Why China Remains Our Favorite Market
The current Chinese market correction will be off and on for a few more weeks as the Chinese government tries to convince the public that they want the market to rise, but in a systematic and non-speculative manner. During this period we expect higher Chinese equity prices. Last week, in an effort to rein in stock market speculation, the government announced that they will allow public offerings by more companies in coming months in order to create more supply of stock for the public to buy. Demand is thought to be too high, so a program of increasing supply has been begun.
Last week, the Chinese government approved a huge array of new issues. Stock was sold in 23 companies over a three-day period. The value of the underwritings is not the important issue — the important issue is that the equivalent of about $400 billion was held in cash by those hoping to have new shares allocated to them. (The allocations are on a lottery method.
Why would such a massive amount of money be held to show they could afford to buy new issues? Because:
- Buyers can only get a full allocation if they’re holding enough cash to pay for it; and
- New issues are grossly underpriced, and can double or triple immediately after the offering — so it makes sense for potential buyers to hold the cash needed to get the largest possible allocation if it is given to them.
Besides newly public companies, companies that are already public are offering huge amounts of new stock. The Chinese government itself, as well as companies that have large foreign banks holding their shares, are pressuring these large foreign institutions to liquidate their shares. These share liquidations add to supply.
Also last week, some Chinese brokers raised margin requirements when an article appeared in the government-connected Caixin magazine in Beijing stating that the government would eventually disallow margin loans to clients exceeding four times a broker’s net capital.
The government rule has not yet been announced, but the brokers cut margin lending in expectation of that rule being implemented. We anticipate that there will be continued stock offerings at higher Yuan values, and that margin rules will be tightened more than once as the regulators try to incentivize higher stock prices but only at a steady and moderate growth rate.
Why is the Chinese government incentivizing a sustained and moderate appreciation of stocks?

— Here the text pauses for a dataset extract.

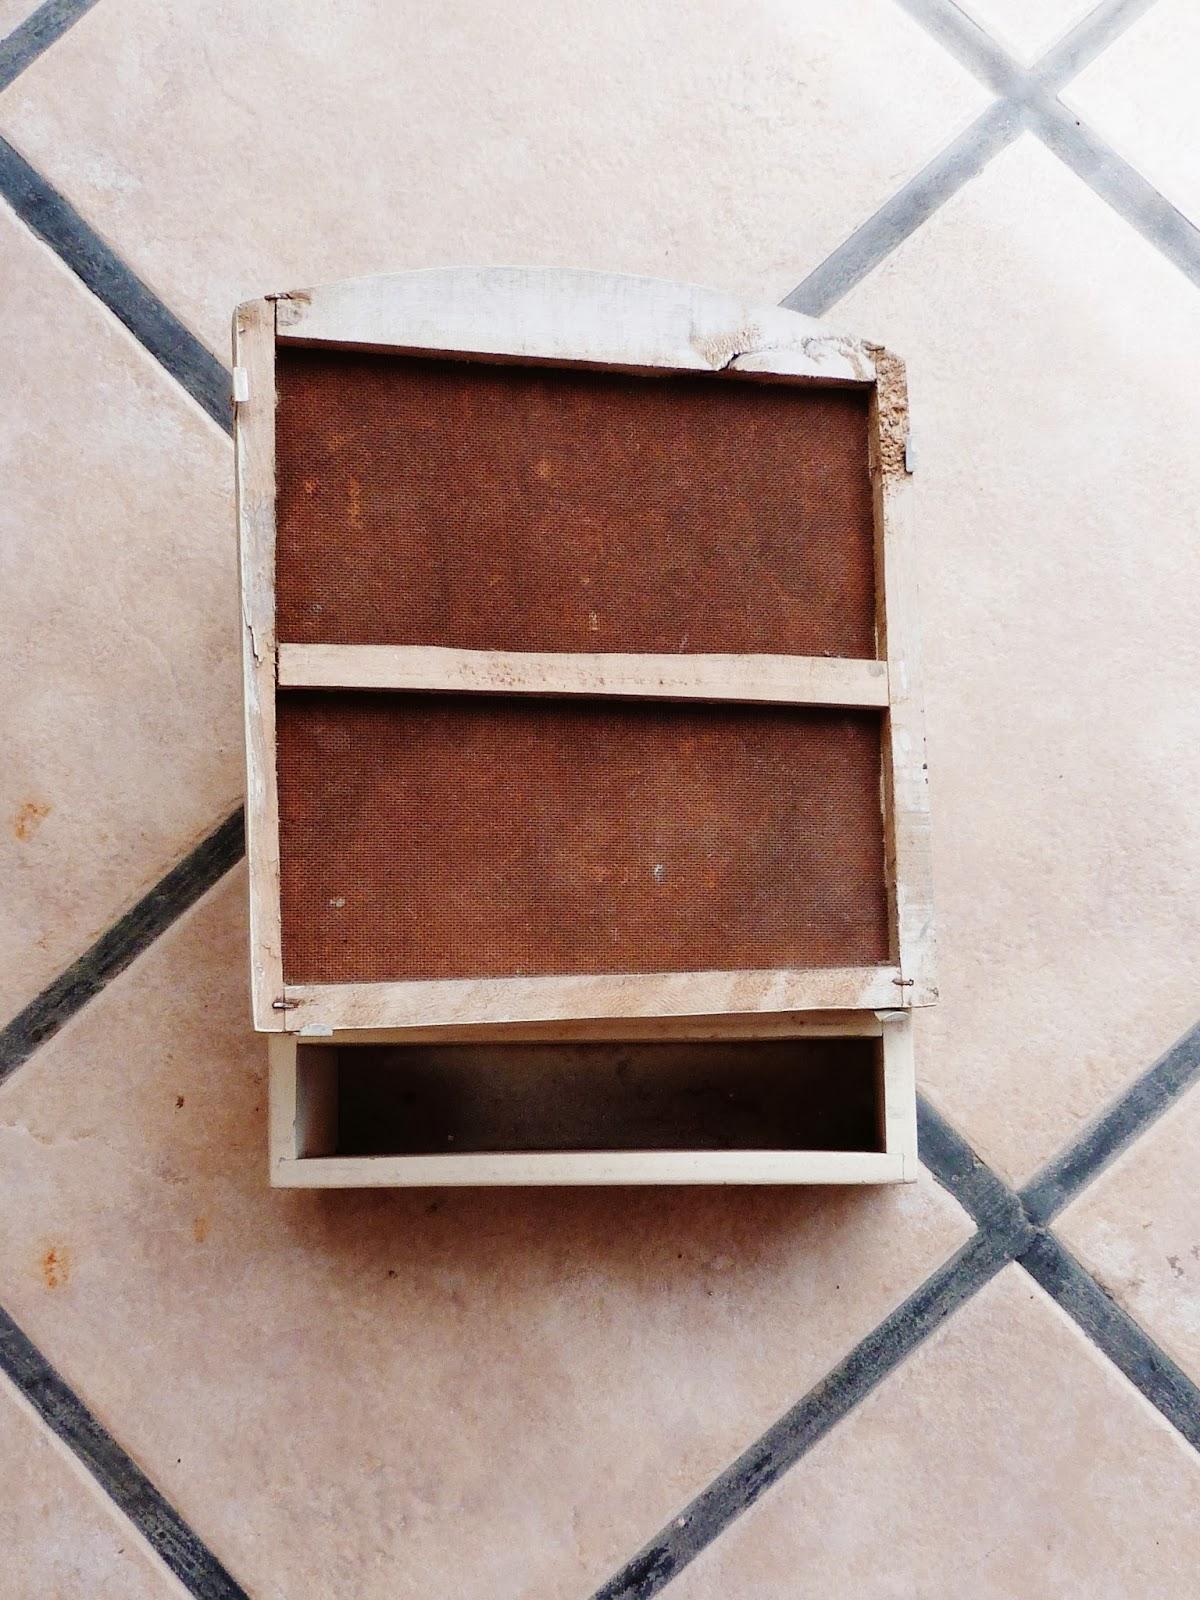 Espacio pipi perez 1 mueble radioactivo botiqu n reciclado for Mueble botiquin

- To encourage economic growth. The economy can grow faster if financial activity (purchases of stocks and bonds and increased company financing) grows steadily.
- Because of the wealth effect. Consumers who make money in the stock spend part of that money on goods and services, stimulating China’s consumer spending as a percentage of GDP and strengthening GDP growth. The combined effect of these two sources of growth is believed by some to contribute 0.6 to 1 percent of GDP growth. China wants faster growth for the economy, hoping for 7 percent in 2015. The consumer is the expected avenue for growth, so activity that can increase consumer spending is encouraged — within limits.

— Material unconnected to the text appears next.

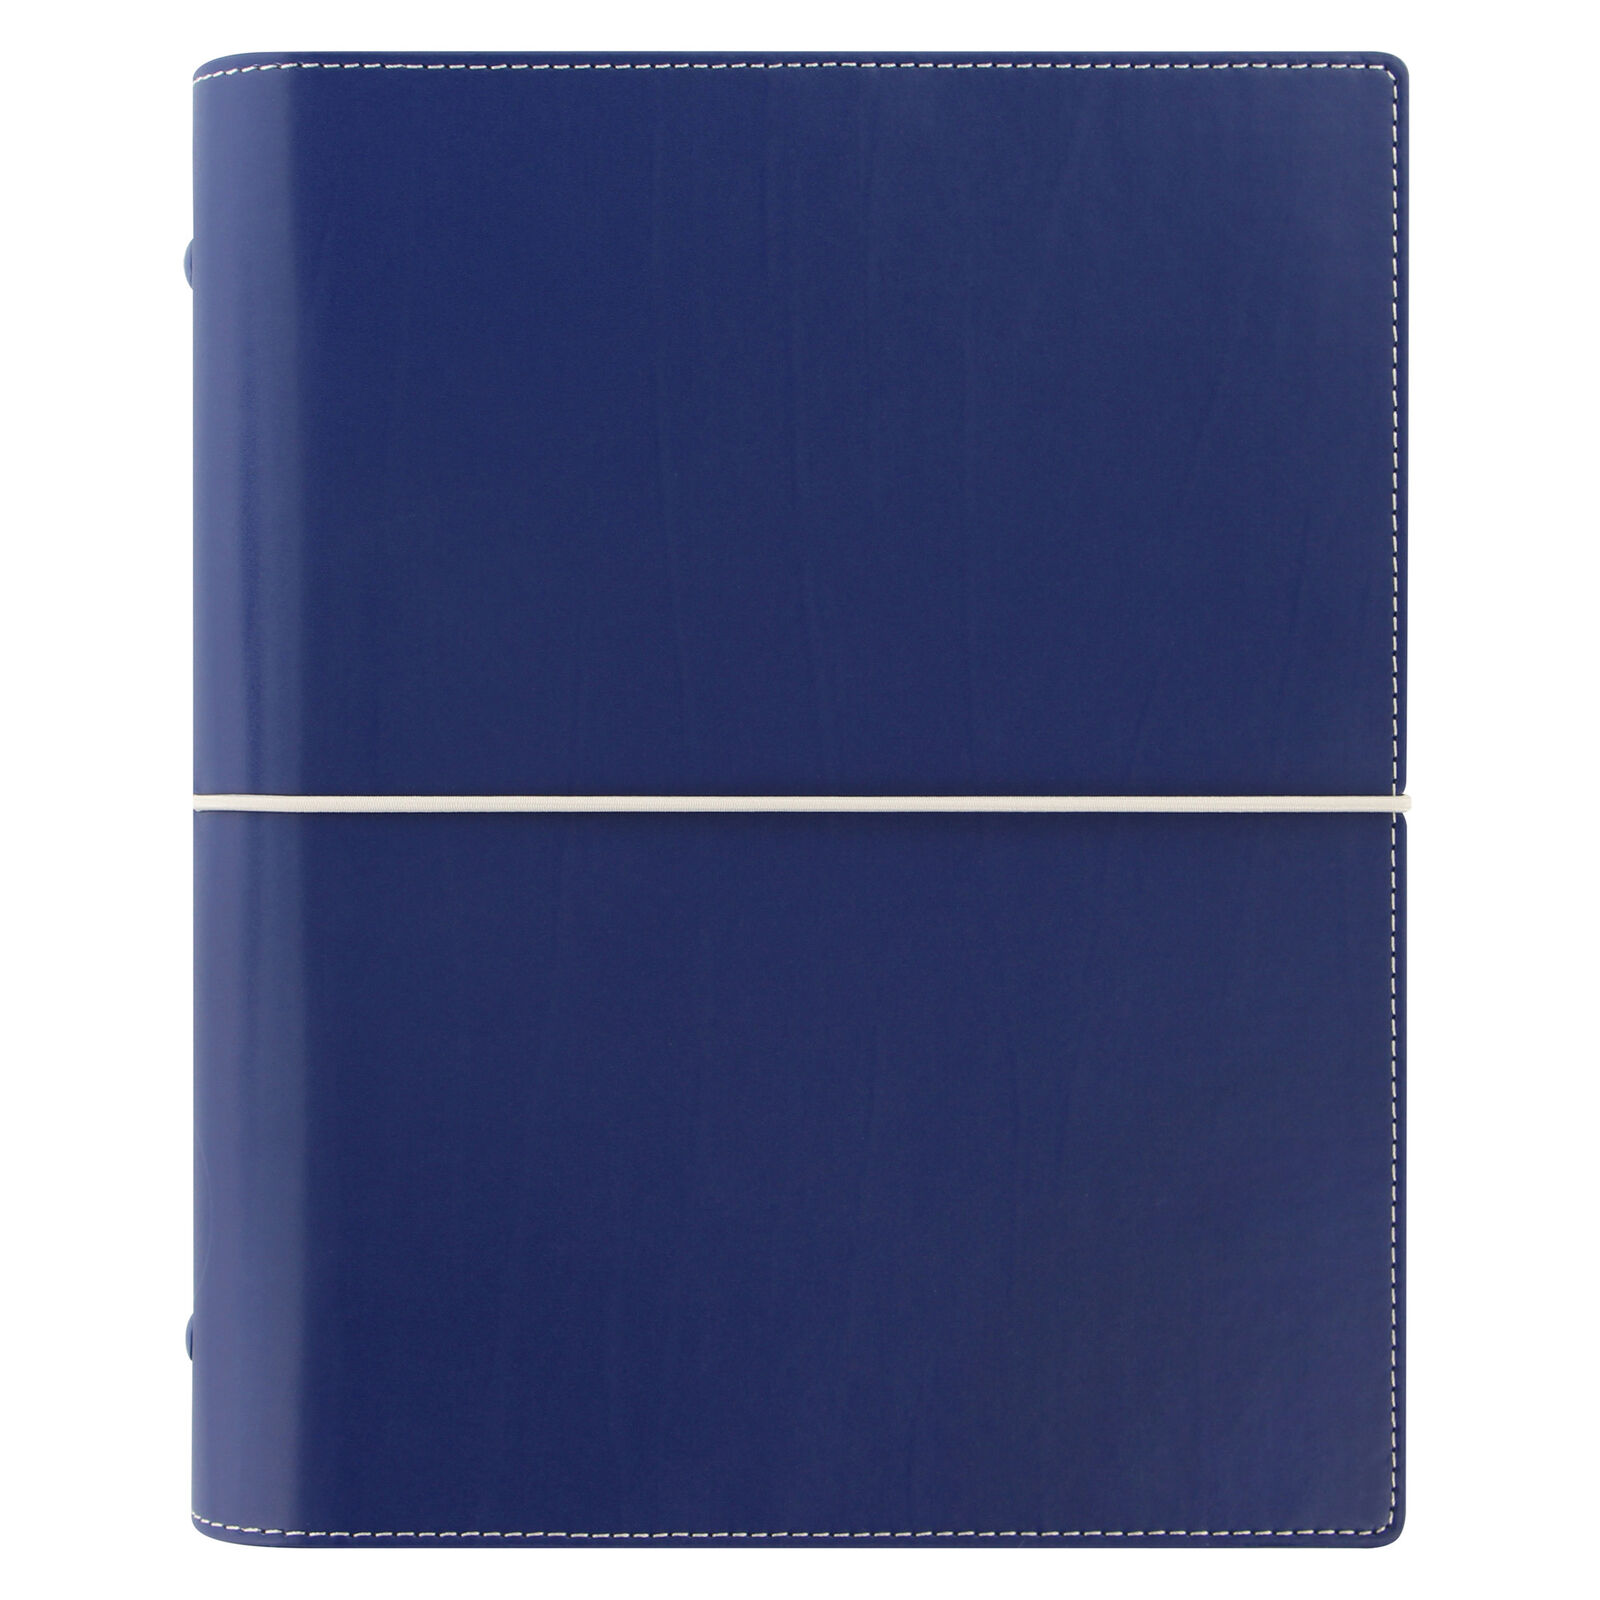 Filofax - A5 Domino Marine Tagebuch Organizer   Kaufen

Repeated visits to China and research on the country have led us to be very bullish on the Chinese consumer. We are actually much more bullish than most others on the rise and influence of Chinese consumer, and we will write a larger section explaining why next week.
Even if the government does not grow GDP by as much as hoped, this process further acquaints the Chinese consumer with stocks and bonds, and begins to make a good impression on foreign nations who are considering China as a potential member of the IMF Special Drawing Rights (SDR) basket.

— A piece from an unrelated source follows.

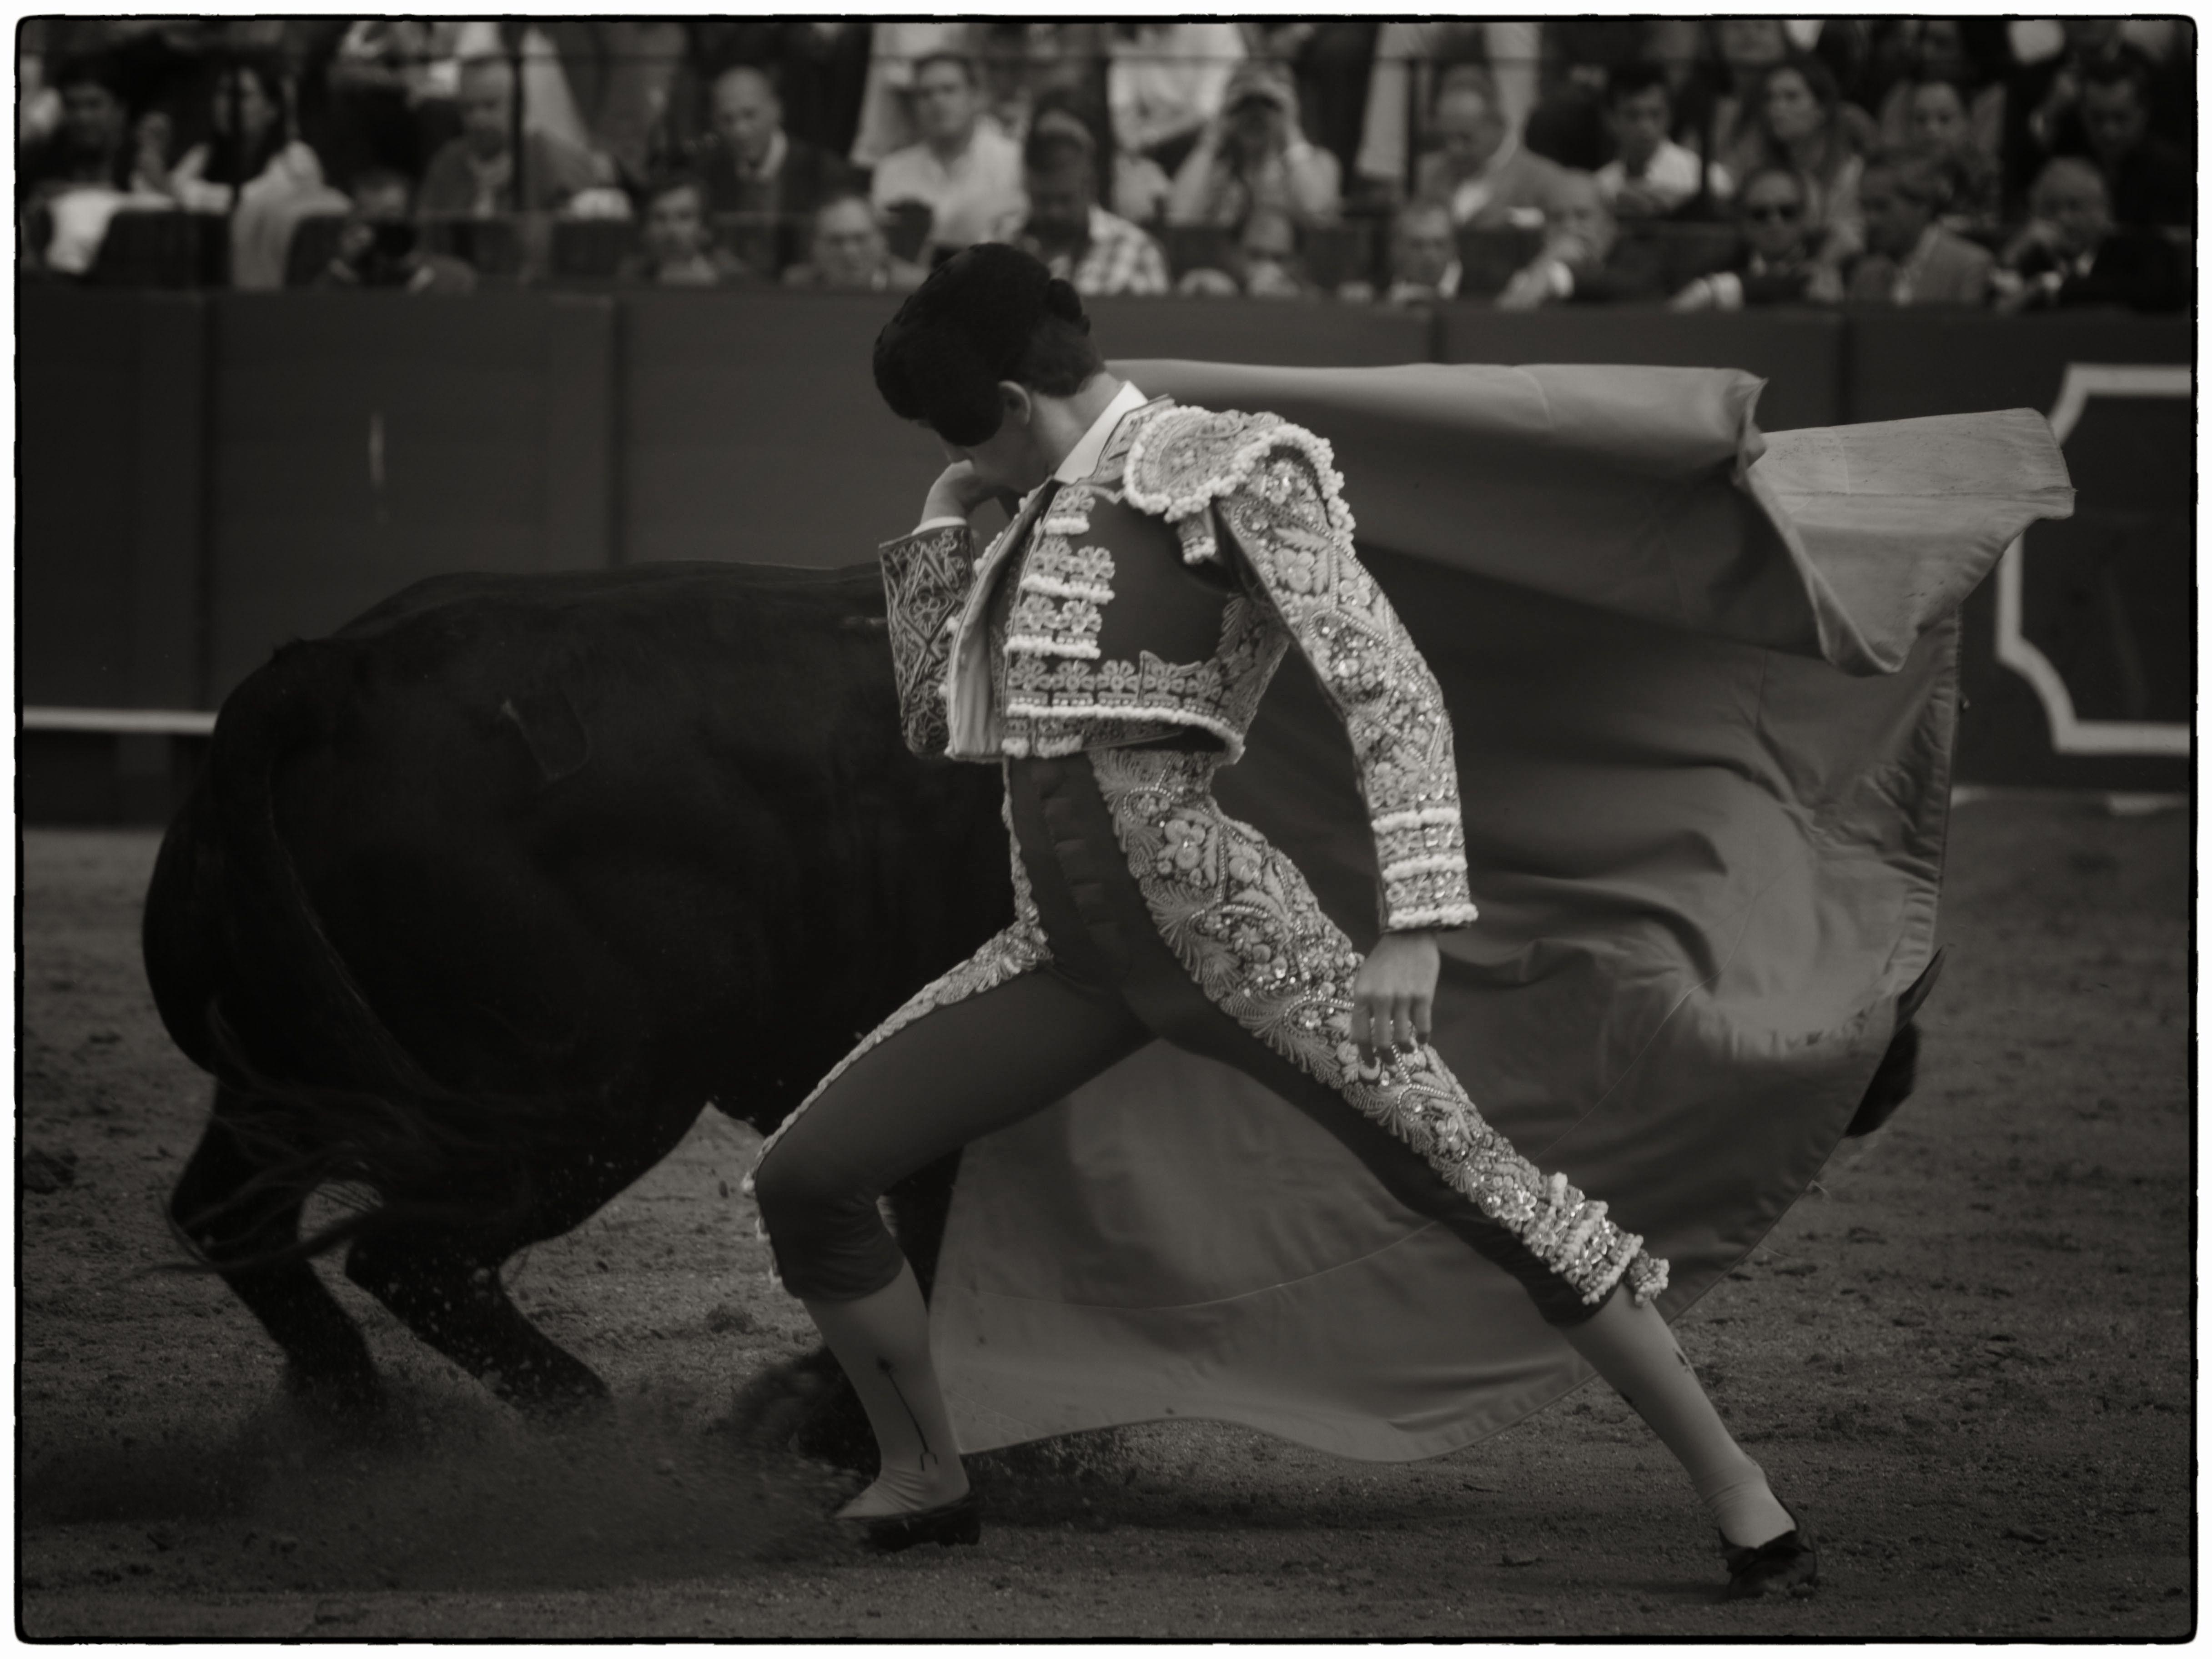 CRÓNICA FOTOGRÁFICA DE MAURICE BERHO

Currently, the SDR basket contains the currencies of several major nations: the U.S. Dollar, the Euro, the UK Pound, and the Japanese Yen. China has expressed great interest in being included in that basket. The basket’s composition and whether to include the Yuan will be reviewed in November 2015, and repeated every 5 years. SDRs are a claim on the IMF member countries’ non-gold foreign exchange reserves, which are usually held in the SDR currencies.
Last weekend, right after the markets had gotten a scare from too many IPOs and tightening margin requirements, the Chinese government lowered interest rates for the third time in the past six months by 0.25 percent, to encourage more lending and to free up consumer spending. Inflation is low in China, so they also lowered the one year deposit rate by 0.25 percent. This decrease slightly incentivizes more people to buy stocks instead of holding bank accounts.